Nearly 1,300 prison inmates wrongly received more than $9 million in tax credits for homebuyers despite being locked up when they claimed they bought a home, a government investigator reported Wednesday.
The investigator said 241 of the inmates were serving life sentences.
In all, more than 14,100 taxpayers wrongly received at least $26.7 million in tax credits that were meant to boost the nation's slumping housing markets, said the report by J. Russell George, the Treasury Department's inspector general for tax administration.
Some taxpayers received the credit for homes purchased before the tax break was started. In other cases, multiple taxpayers improperly used the same home to claim multiple credits. Investigators found one home that was used by 67 taxpayers to claim credits.
"This is very troubling," George said. "Congress created and modified the homebuyer credit to stimulate the economy and help taxpayers achieve the American dream, not to line the pockets of wrongdoers."
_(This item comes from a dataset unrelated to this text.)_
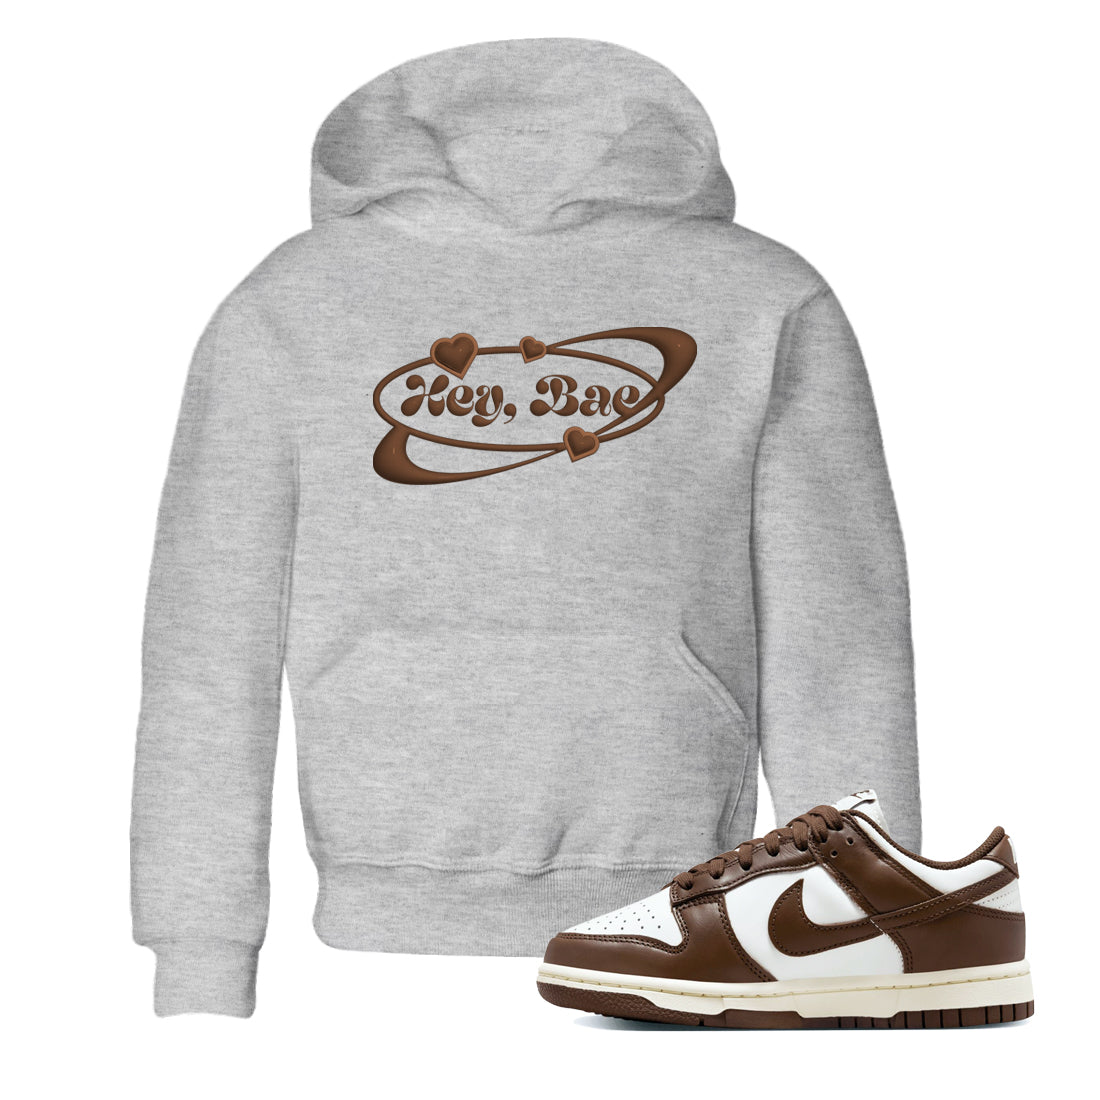 Dunk Cacao Wow shirt to match jordans Hey Bae sneaker tees Nike Dunk Cacao Wow SNRT Sneaker Release Tees Baby Toddler Heather Grey 1 T-Shirt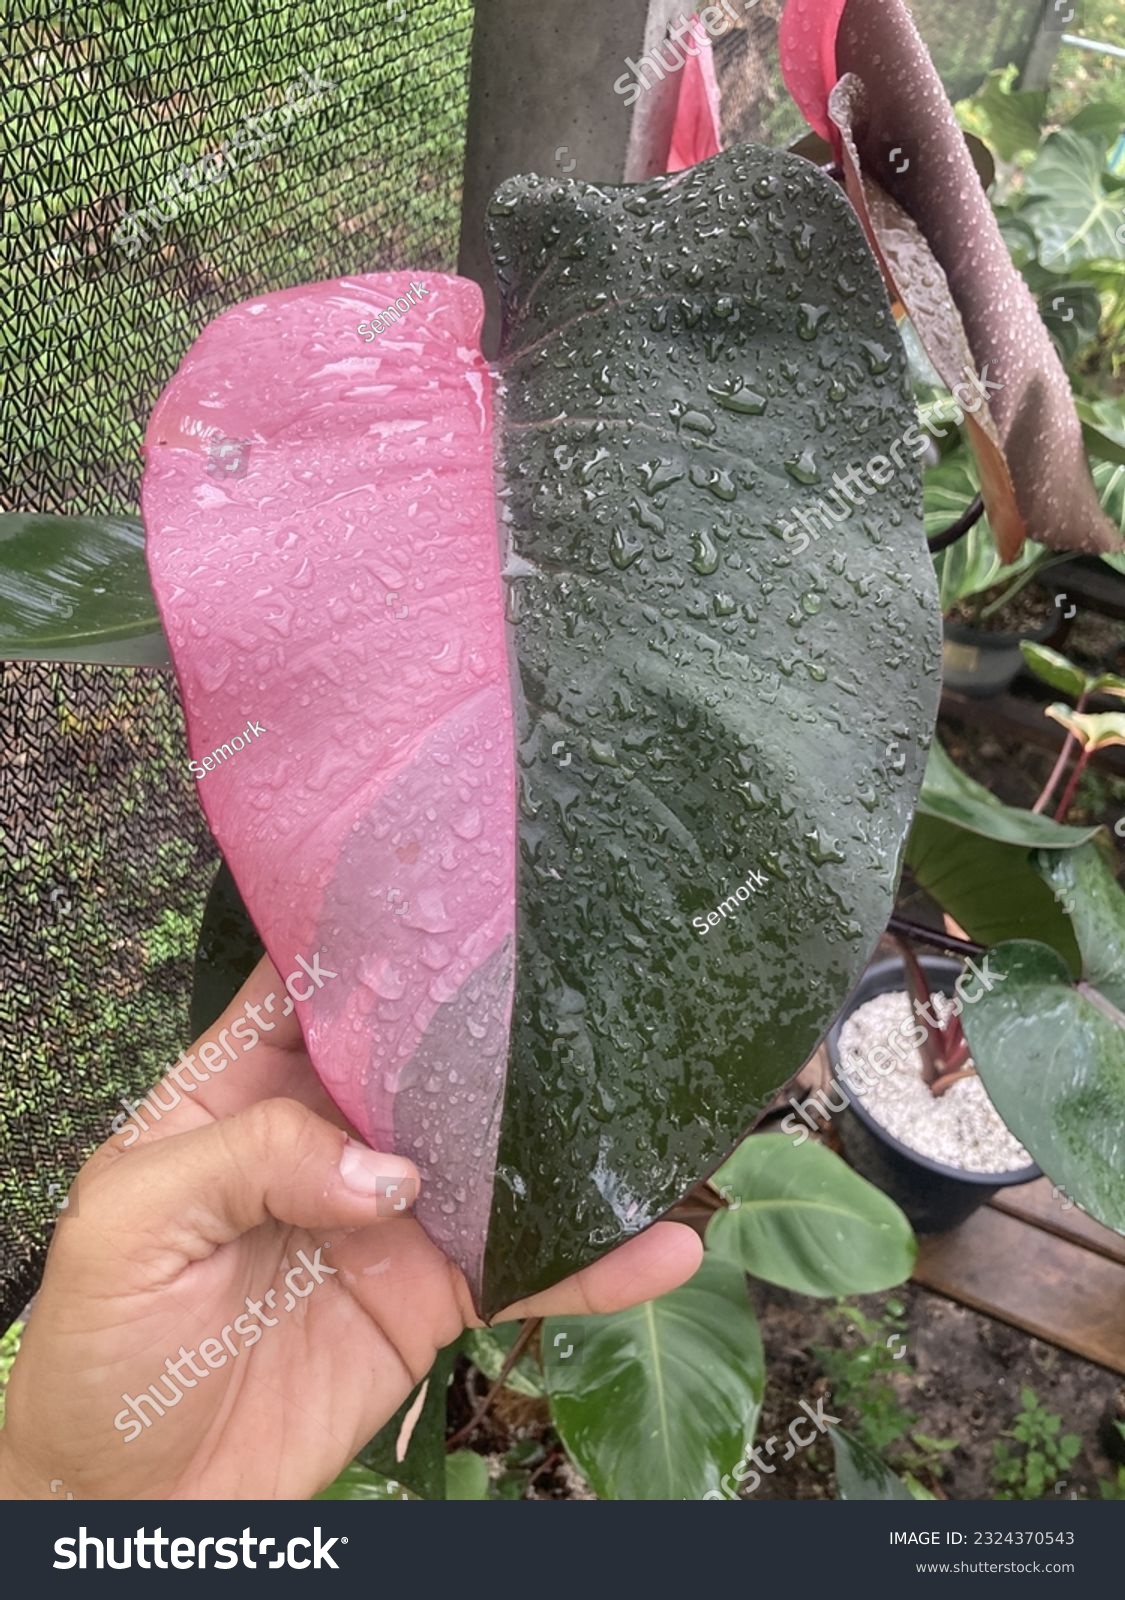 Philodendron pink princess variegated rare items half color #2324370543

The Internal Revenue Service says it is taking steps to get the money back. The agency noted that more than 2.6 million taxpayers claimed the tax credit through April—claiming $18.7 billion in credits—with only a tiny fraction going to prison inmates or other scofflaws.
"A very small number of payments were made to prisoners incorrectly, which the IRS is now taking all steps to recapture and to prevent going forward," the IRS said in a statement. "The IRS will follow up on every instance of an improper prisoner payment and take swift and appropriate enforcement actions."
The report blemishes an otherwise popular tax break that was sweetened once by President Barack Obama as part of his economic recovery package and again by Congress when it was extended into this spring. The National Association of Realtors says the tax credit has generated 1 million new home sales that wouldn't have happened otherwise.